The problem – Please keep the pictures out and write out exactly the lines from the first in the data below through the one containing "Image 1 of Fusalp clarisse ski suit", both included.

Data –
>>>>>
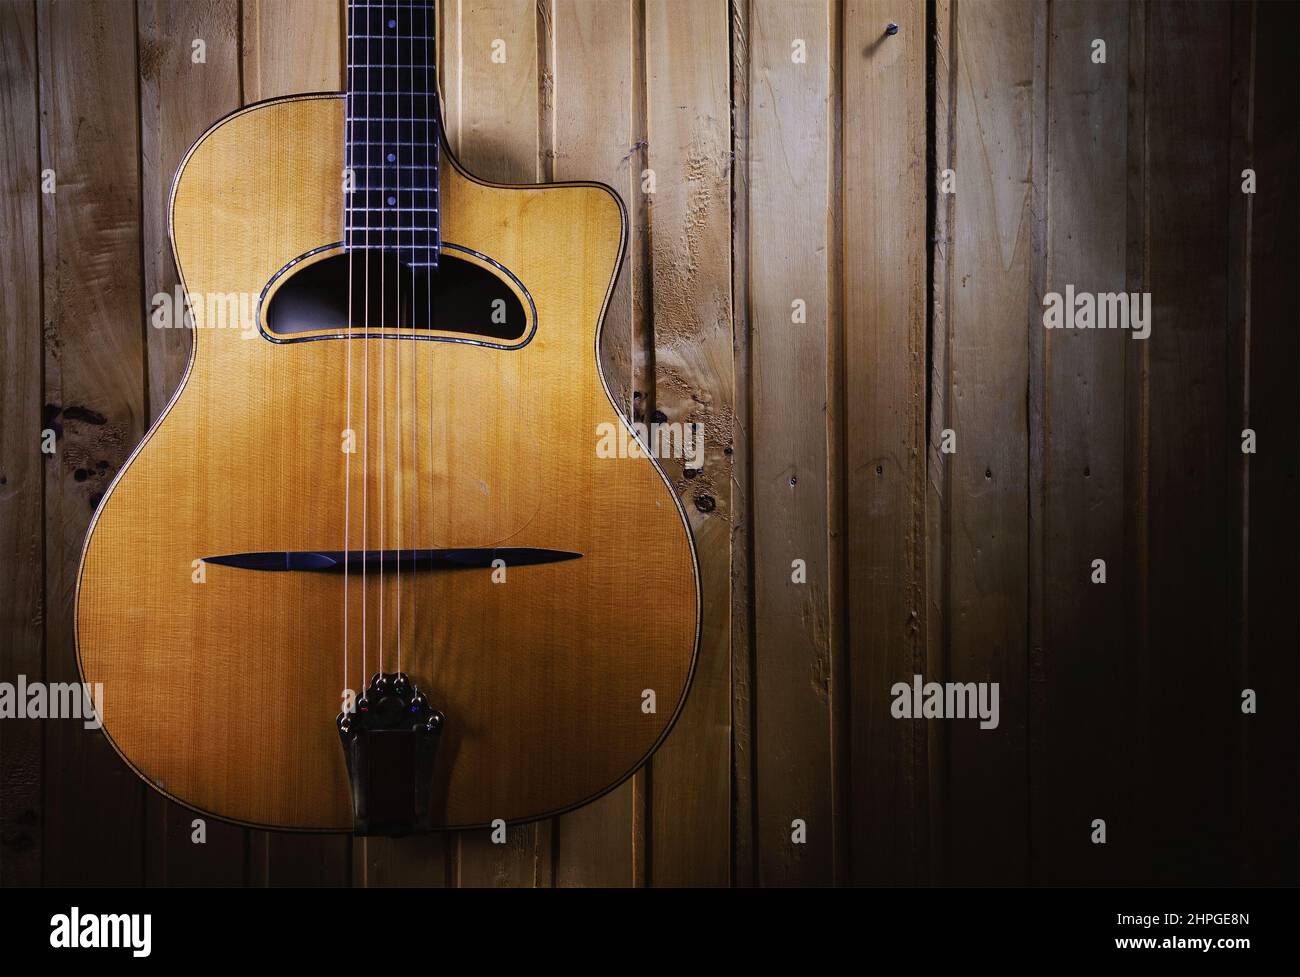 Des détails de guitare acoustique gitane jazz, pendus sur un mur en bois. Banque D'Images
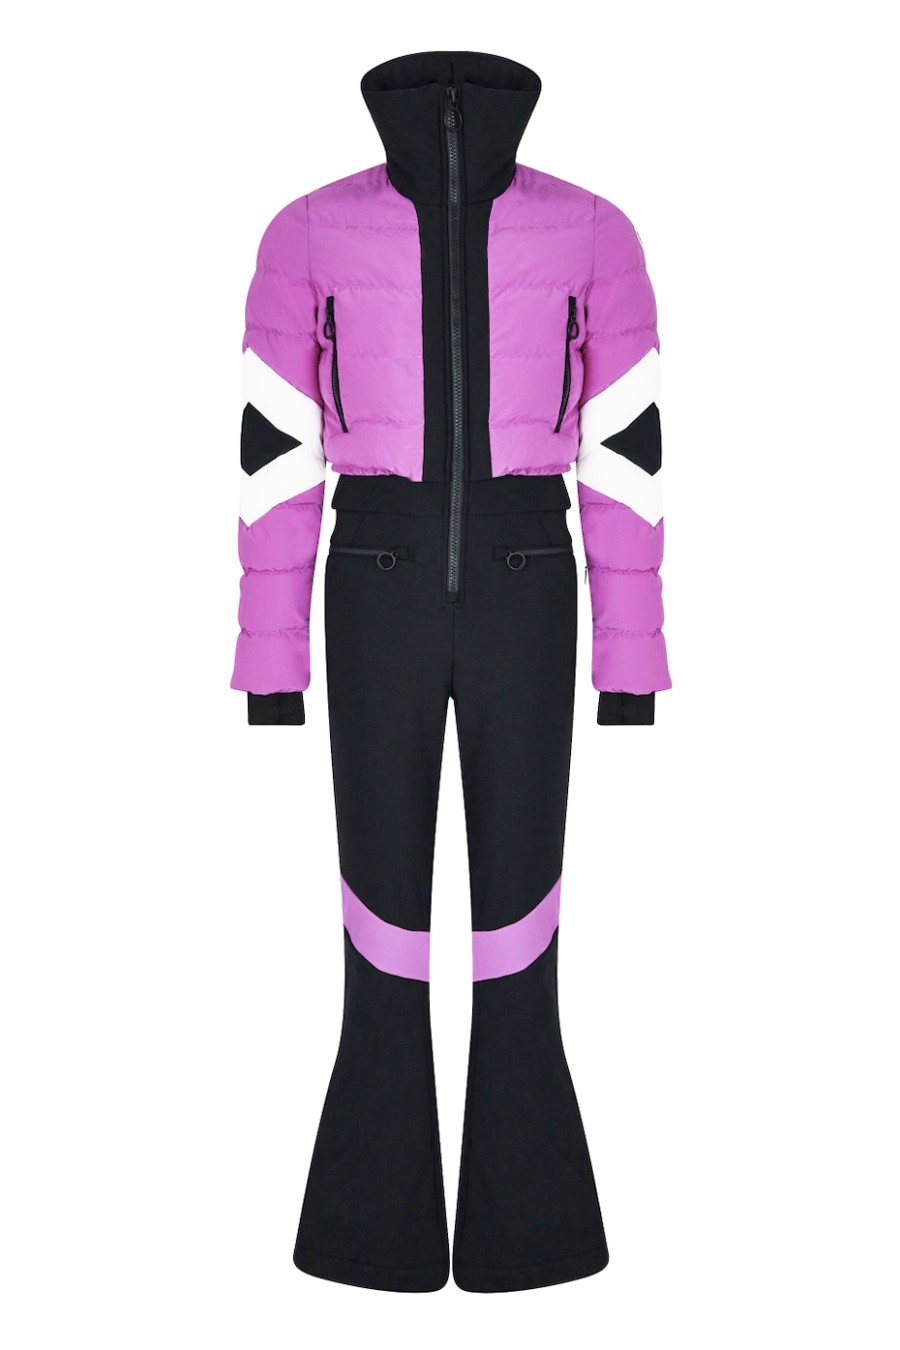 Image 1 of Fusalp clarisse ski suit
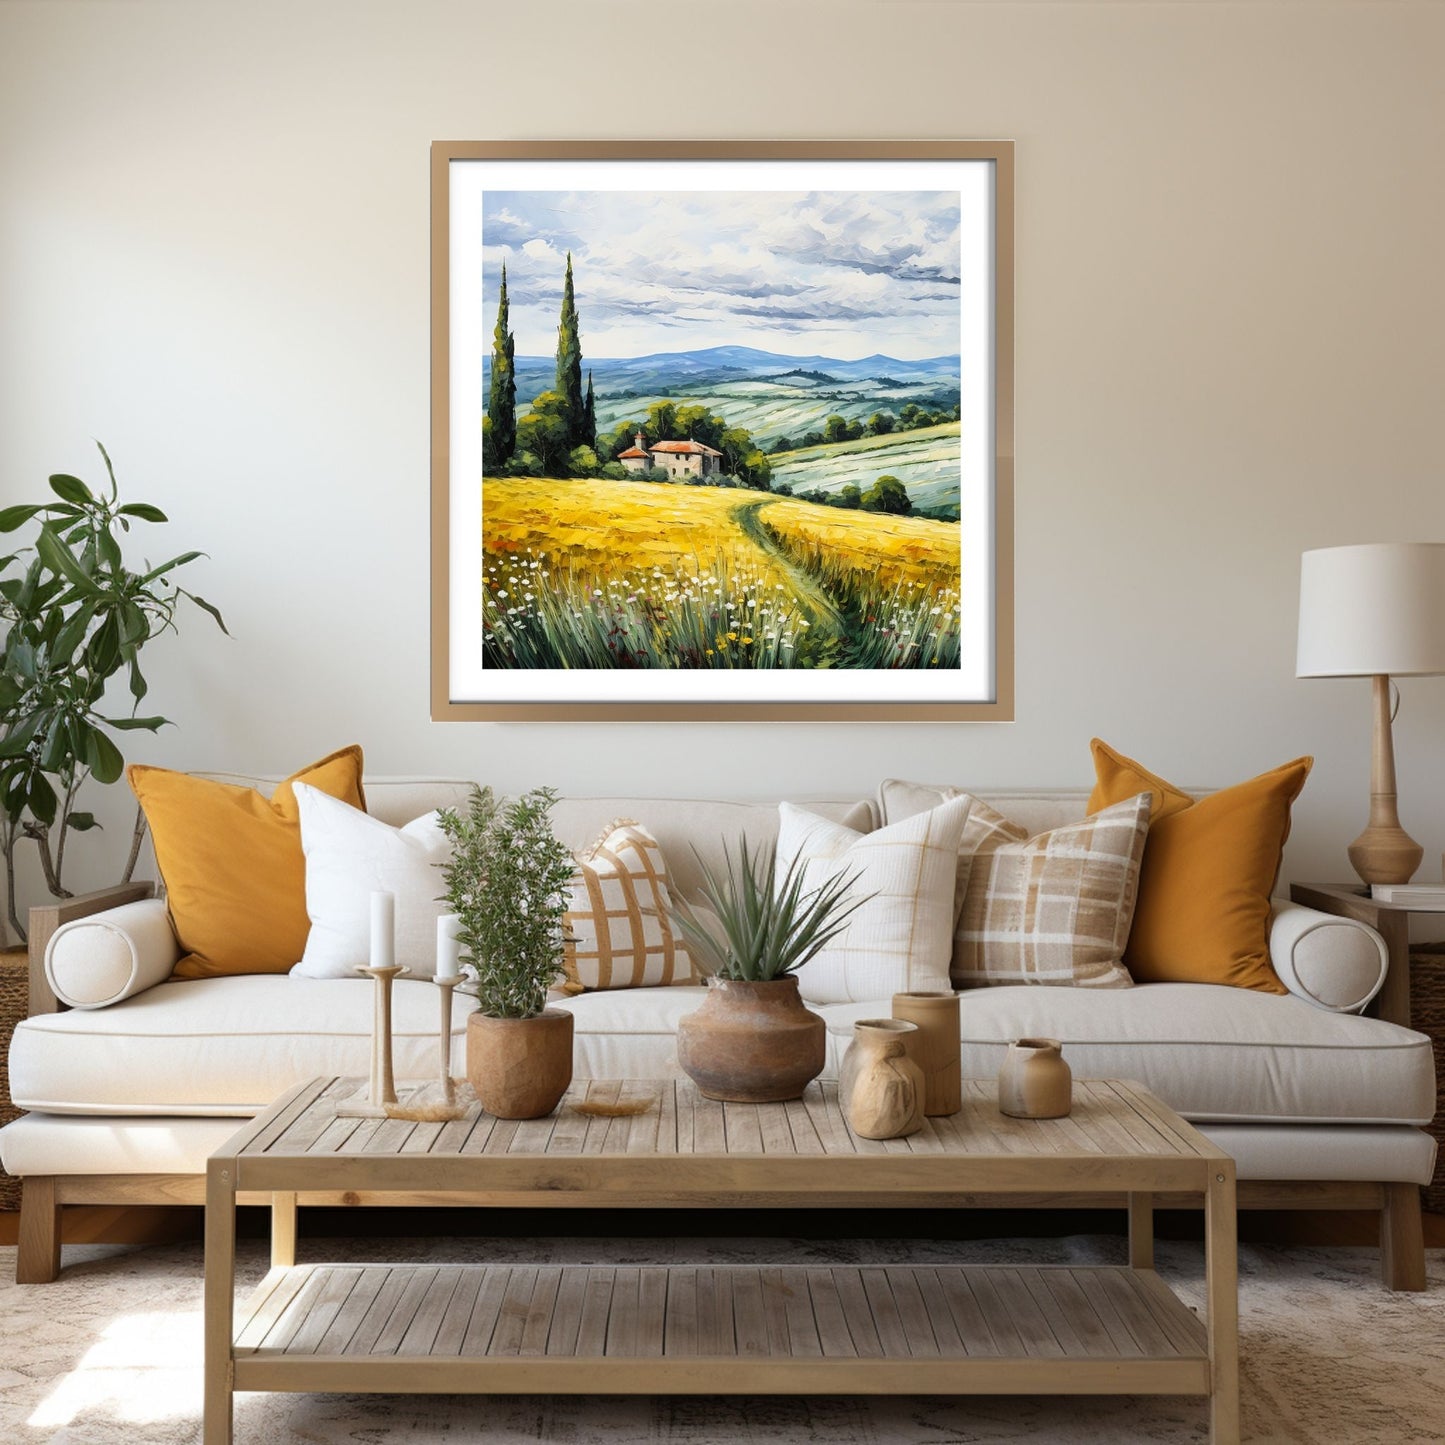 Nydelig grafisk maleri av Toskansk landskap med sine karakteristiske cypresser og bølgende åser. På en åskam ligger det en vingård  Motivet fås som plakat og på lerret. Illustrasjonen viser at motivet henger på en vegg over en sofa i en eikeramme.
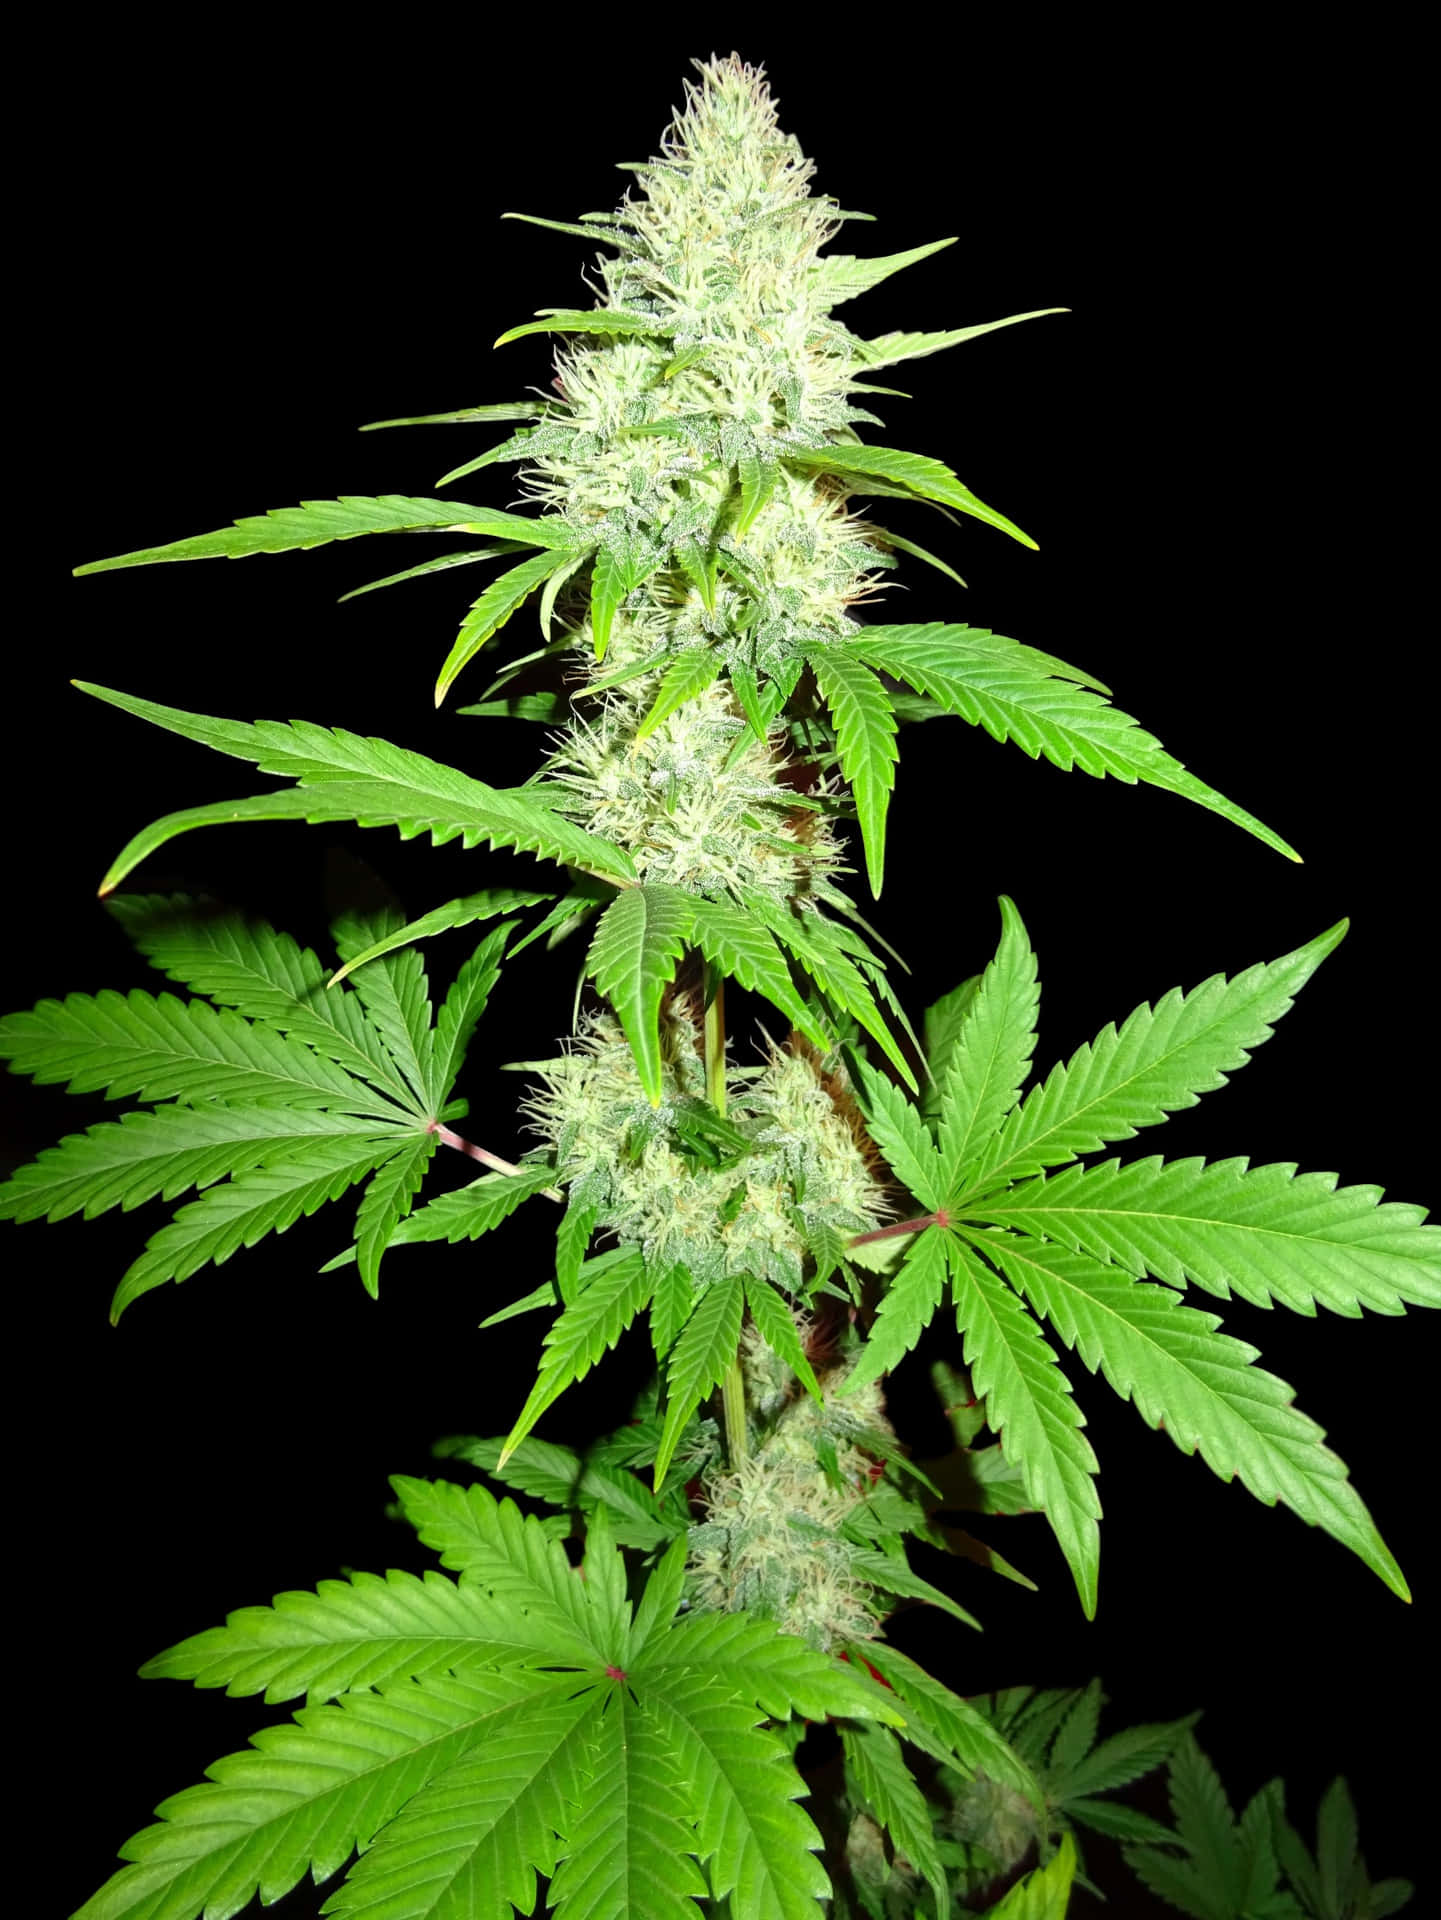 Illuminated Cannabis Plants
<<<<<
Written answer –
 Des détails de guitare acoustique gitane jazz, pendus sur un mur en bois. Banque D'Images
 Image 1 of Fusalp clarisse ski suit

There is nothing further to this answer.